Pay attention to the charges. Though state attorney Dave Aronberg and Martin County Sheriff William Snyder are still hammering the narrative of “human trafficking,” only one human trafficking charge has been brought: against a woman also accused of engaging in prostitution herself. According to a Thursday press release from the Vero Beach Police Department, after six months of investigation there are only two “confirmed” victims. Snyder told the Times, “I don’t believe [the women] were told they were going to work in massage parlors,” a disconcertingly equivocal statement from someone who’s been working on the case for months. Snyder also said that only one woman was still in contact with the police and that the others refused to talk—yet he maintained the effort had been “a rescue operation.” Judging by the charges, it’s a fairly routine prostitution bust.

Look for the workers’ voices. For almost a week, we’ve heard only from police and never from the alleged victims. Without statements from the women in question or the lawyers representing them, we can’t obtain meaningful information about the working conditions in the location Kraft visited (or anywhere else). Nor can we know if women were “lured” into the work through promises of a very different job or if they knew what they’d be doing in advance, if they were held as captives or if they engaged with their surrounding community as much or as little as they cared to. Unfortunately, these details may never come to light. Now that police and immigration authorities are involved, the women are highly incentivized to choose a “victim” status over that of intentional lawbreaker. Because the work is criminalized, they have no third option. Police Chief David Currey said as much on the day the news broke: "some of them may tell us they're OK, but they're not… even though we may have charges on some of them, we'd rather them be victims." (At least five women so far have been charged with prostitution.)

Think critically about law enforcement’s tactics. Police installed hidden cameras in the Jupiter massage parlor Kraft visited by fabricating a bomb threat. Officers also visited the spas undercover as paying clients to receive massages from women who allegedly offered them more intimate contact. The public is being asked to believe, then, that police sincerely regarded these women as “sex slaves,” yet didn’t hesitate to give them the traumatizing impression that their workplace, which may have doubled as their home, might be bombed. Police also had no moral or ethical qualms about receiving massages from these “malnourished” victims while undercover. Given the high-profile nature of the case, it’s entirely plausible that the hidden-camera footage will one day be made public, thereby outing women who were allegedly forced into having the sex caught on film—but police haven’t seemed worried about that, either.
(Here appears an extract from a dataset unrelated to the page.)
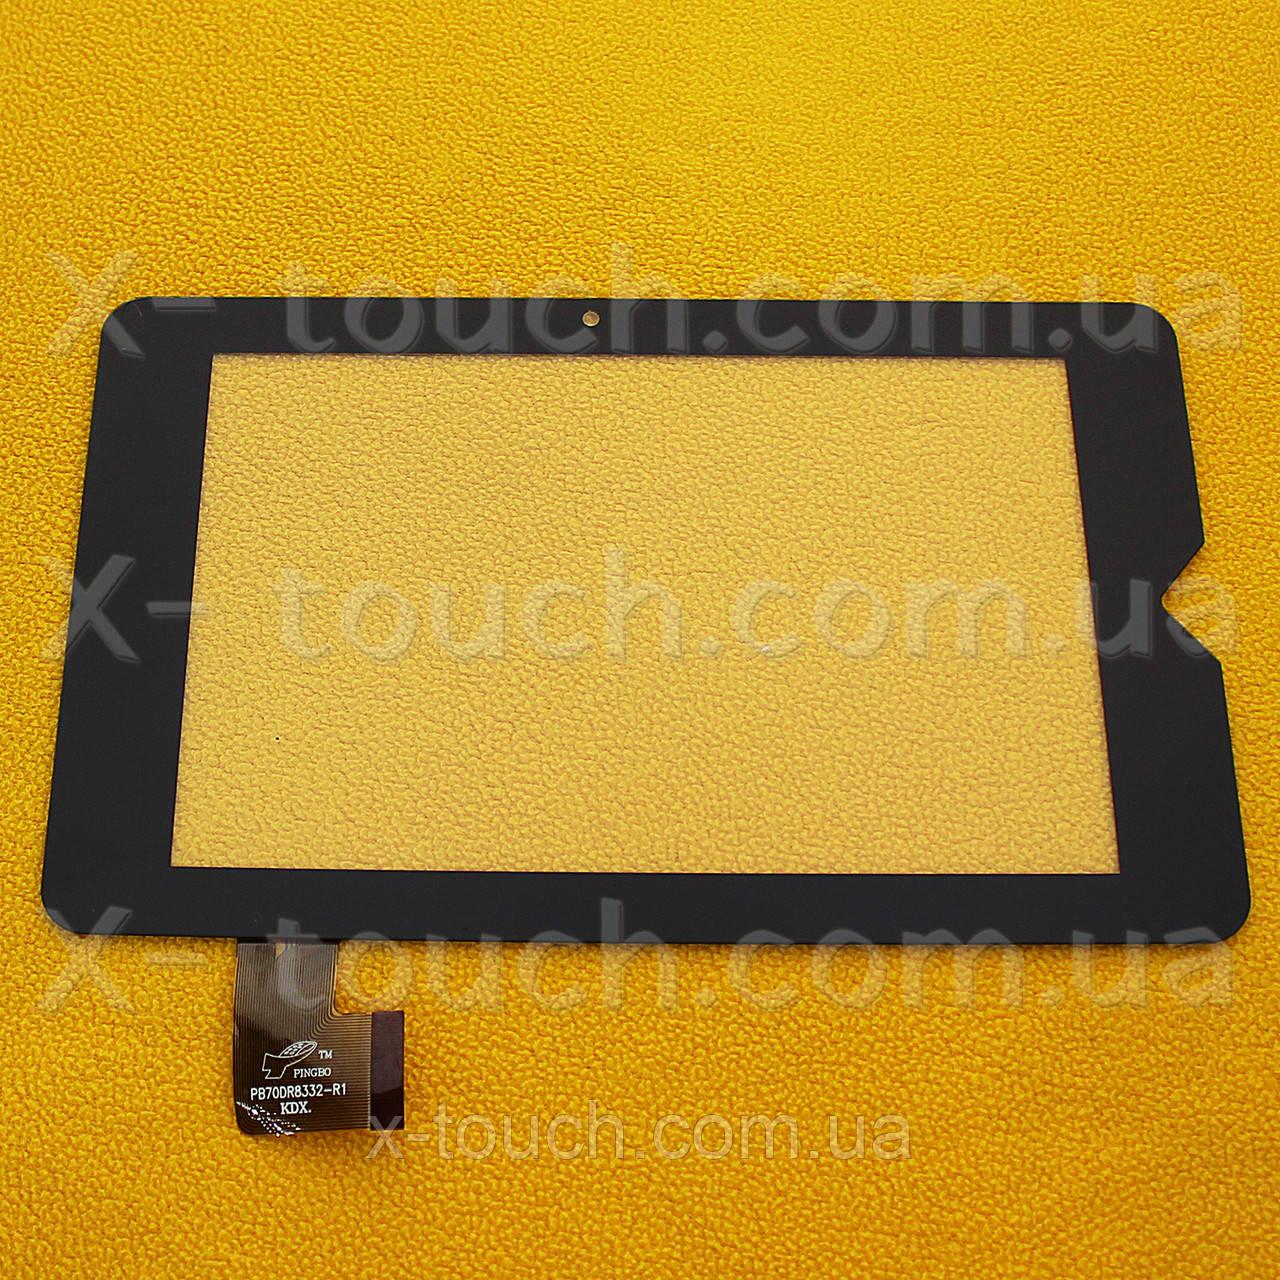 Тачскрин, сенсор PB70DR8071 для планшета

This is an outrageous and wholly unnecessary degree of surveillance if the motivating concern is labor violations. As sex-worker rights activist Kate D’adamo observed, “There was no need to do a six month John sting. There is no need to touch anyone in a trafficking investigation.” The presence or absence of trafficking is not predicated on the presence or absence of commercial sex. Nothing about the conduct of the cops indicates knowledge of the best practices devised by trafficking survivors and service providers, which suggests, again, that this was a typical prostitution bust undertaken without serious consideration of what trafficked workers actually need. When images of the “care package” workers were said to receive hit Twitter, sex workers online were quick to note that police included an (English language) Christian pamphlet among the toiletries—a detail that attests to the ineptitude and cluelessness of those handling the case.

“It’s very safe to say without any hyperbole that this is the tip of the tip of the iceberg,” Sheriff Snyder said on Thursday, with maximum hyperbole. If it takes the police six months to locate two actual victims, we’ll be waiting a very long time for them to get to that totally real, non-exaggerated iceberg. Perhaps by then we'll be willing to have the "real conversation about human trafficking" that Aronberg claimed to be so desperate for in a press conference on Monday, though it's unlikely that police and prosecutors will ever be the ones to start it.